I wish you all the best. It really helps to read other people's experiences. So many of us have similar stories. I am thankful that we did and do still love each other. We had what we thought was a good marriage before; now I feel we have a great marriage. I wish like hell that it had never happened, but we are both better people, friends, lovers, you name it. I have always been a glass half full person, so I will continue to be. I know I have to take what happened, continue to process it all, and move forward- some days this is easier than others.


----------



## better than before (Aug 3, 2011)

Lord Mayhem, 

Just had to give you a laugh. I usually post on my phone or I pad because I'm chasing kids and not at the computer. I replied to these posts on the computer where the avatars show up which I am used to not seeing. I actually tried to get the "bug" off my screen.


----------



## InRecoveryInNC (Oct 22, 2010)

It is definitely nice to know that I am not crazy... I am 16 months passed Dday and for the most part am ok. But when those stupid triggers come up it hits me hard. Some days I can get over it fairly easy. Others it takes a few days before I can ever admit I am having problems.
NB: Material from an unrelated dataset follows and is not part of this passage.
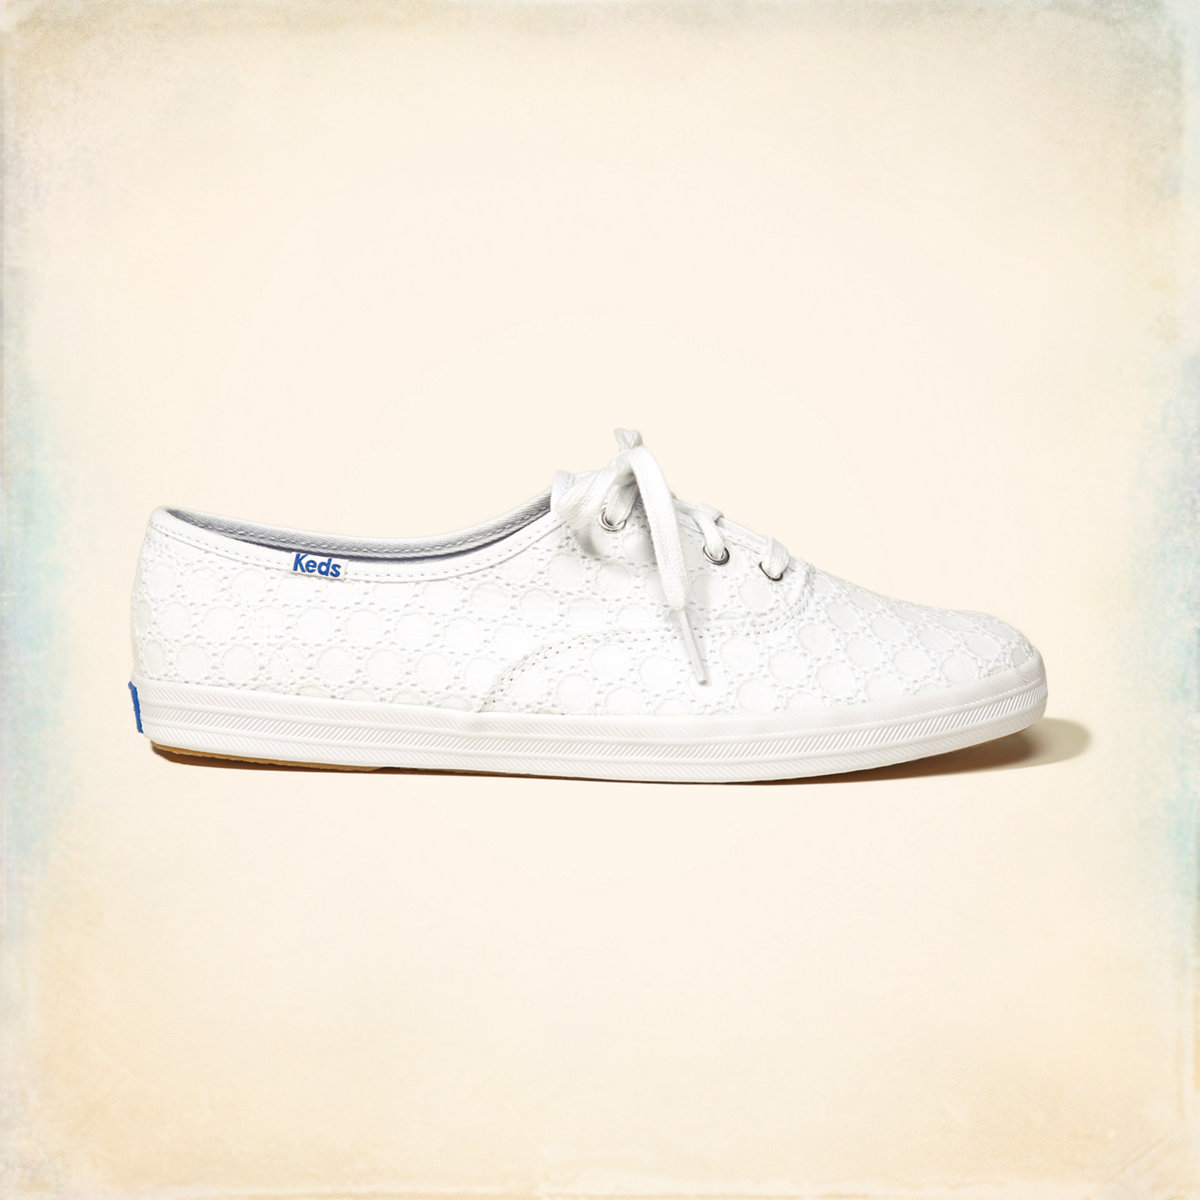 Keds Champion Eyelet Sneaker

A lot of things have changed during this time frame. Unfortunately, we dealt with the death of his father, my grandmother and my younger sister all during the same timeframe of trying focus on our R.

He does a lot of what is needed to help me through this but some days I can help but think I am being played. I have come straight out and told him I would not stand for anything like this happening again. He says he understand but on those days where I just can't shake it I wonder if I have made a mistake in trying to work this out. I have always believed I would never be able to stay with someone who decided they wanted to step out on our marriage. I believed it for years and even made many comments about it. And of course there are days I believe I was right. But then when things are good, they are really good. So the journey continues....


----------



## Okie (Jul 14, 2010)

Year and three months out since my wife's EA came to an end. It was pretty intense and like most of em chock full of lies and took several steps deeper underground till it really hit the fan. Without kids, I would have been out the door.

I still have the key logger and occasionally check out the text history on her phone. Mostly everything is fine, but sometimes I just wish I had ended my marriage so I didn't EVER have to wonder if she just found better way to hide it. I couldn't sleep the other night and was looking at her phone in the living room, she came in the room saw me and was surprised that I was looking, but not mad at all. She is incredibly apologetic and still beats herself up about it way more than I ever did.

It blows, all the signs of real recovery are there, but I still have a small voice in the back of my head that doubts. Probably always will.


----------



## lordmayhem (Feb 7, 2011)

Okie said:


> It blows, all the signs of real recovery are there, but I still have a small voice in the back of my head that doubts. Probably always will.


Agreed. Blind trust can never fully be regained. Once you know that they crossed the line, you can never really know if it will ever be crossed again. It may not be true that once a cheater, always a cheater, but how do you really know what the future will bring?


----------



## better than before (Aug 3, 2011)

Don't know about others here, but after some of the recent posts I do think I am still swimming in the kiddie pool. I guess that I also believe that our marriage has now been tested and survived the initial impact of it all well. We actually still have friends that wonder what our secret is for staying so close. I feel sure they wouldn't be a fan of the answer.
_Posted via Mobile Device_


----------



## InRecoveryInNC (Oct 22, 2010)

For me, I am happy to know that it is not just me. For a while I have been wondering if what I am going through with the triggers or the thoughts that maybe I have wasted time trying to get this to work to only find out 10 years from now it was a waste.

I will continue to move forward and hopefully progress but I know it is going to take a long time, if ever, for me to ever feel comfortable that this is going to work. But I am willing to give it try.


----------



## better than before (Aug 3, 2011)

None of us are the same people anymore.
_Posted via Mobile Device_


----------